A master plan was drawn and the front wing was to be built as stage one and the rear wing to be built later as stage two. The foundation was laid for stage on March 29 1953, in the presence of several educationists and well wishers, not only from Jaffna, but from all over the island and from India.
The first stage of the building was completed and on October 11, 1959, the building was ceremonially opened by the then mayor of Jaffna, Alfred Duraiappah. A children's section was opened on November 03, 1967. Asia Foundation donated books worth Rs. 9,500/-. At that time this amount was a large sum.

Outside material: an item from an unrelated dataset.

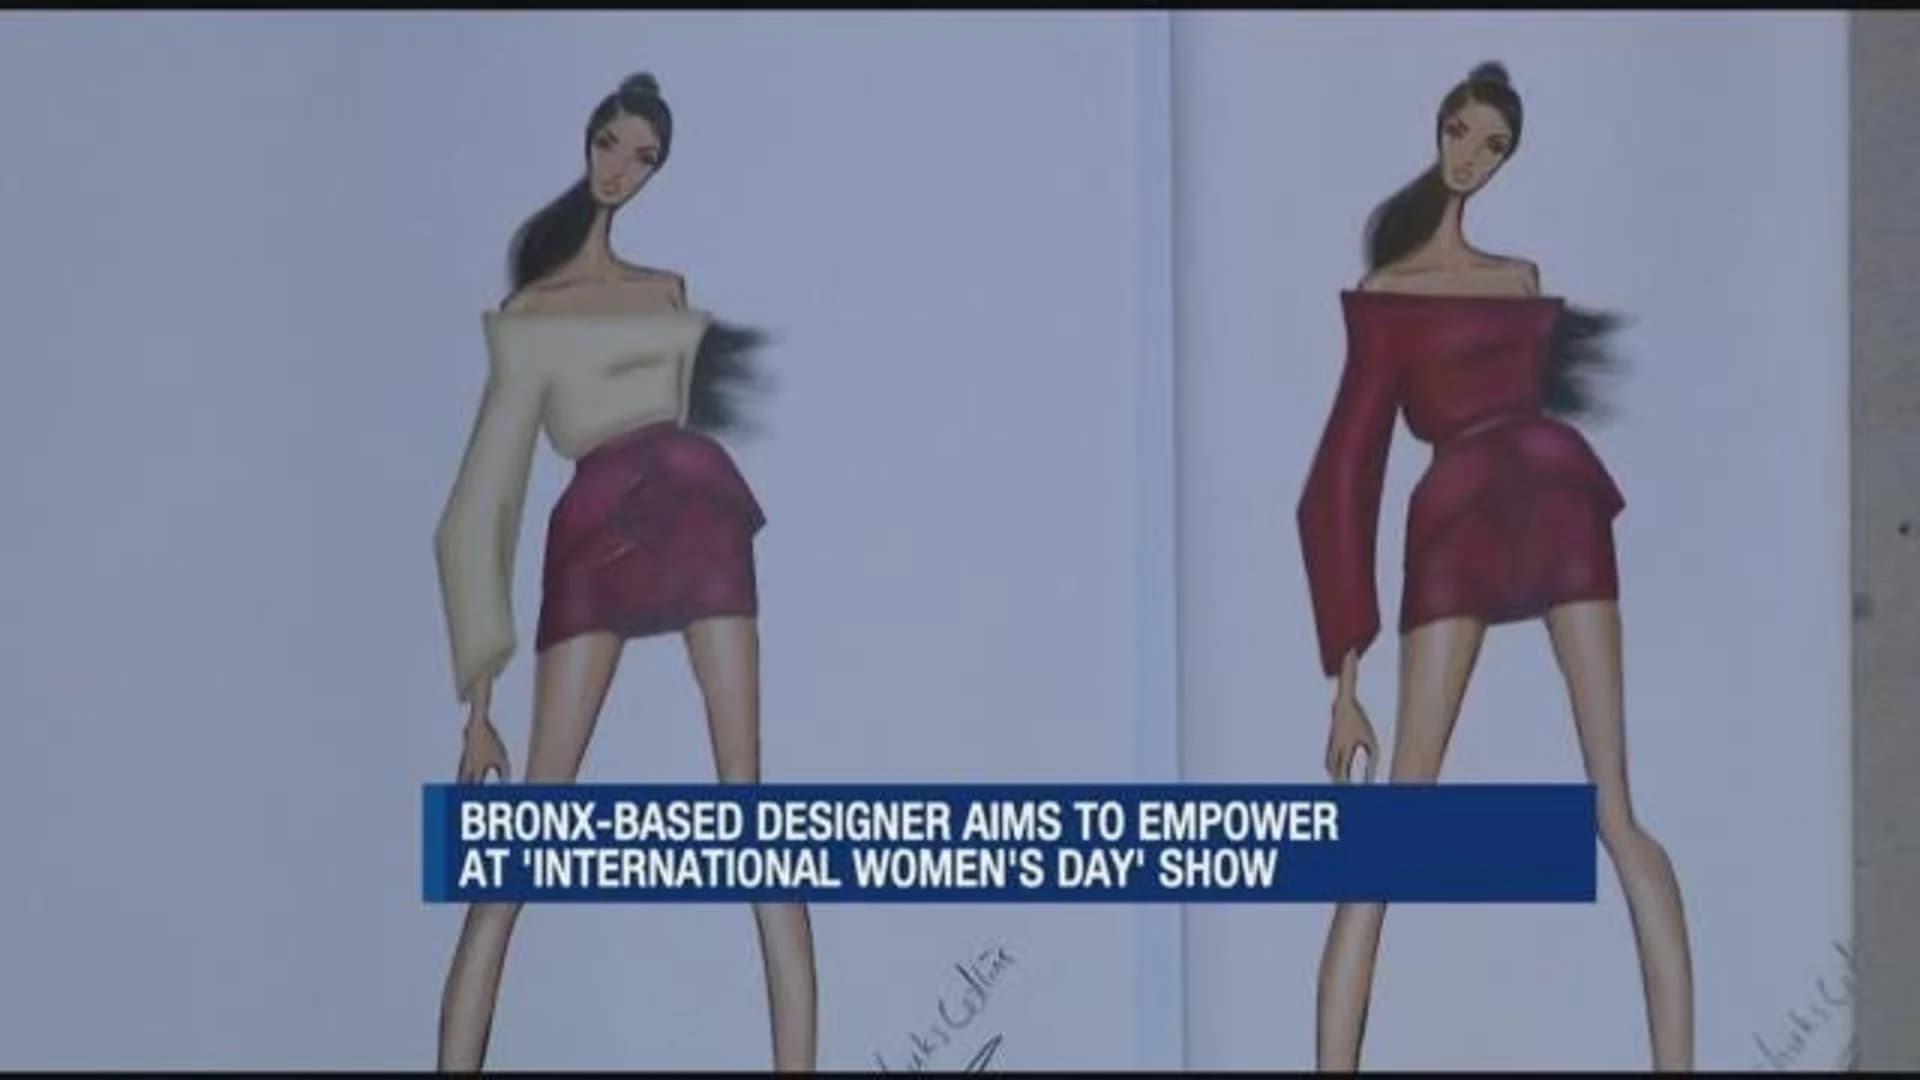 Bronx-based designer aims to empower at International Women's Day show

An auditorium was opened in the first floor in 1971 for the purpose of holding lectures, seminars, literary and cultural performances. Valuable books and centuries-old ola manuscripts were collected from the time of Mr. Chellappah in 1933.
There were about 97,000 valuable books, old newspapers and magazines up to the torching of the library on June 01, 1981.”
The government of Sri Lanka, which gets involved in building Buddhist monuments, temples and convention centers, never contributed even a penny.
Tamils may have been willing to forgive and forget in 1981, which we doubt. They certainly will not in the year 2001.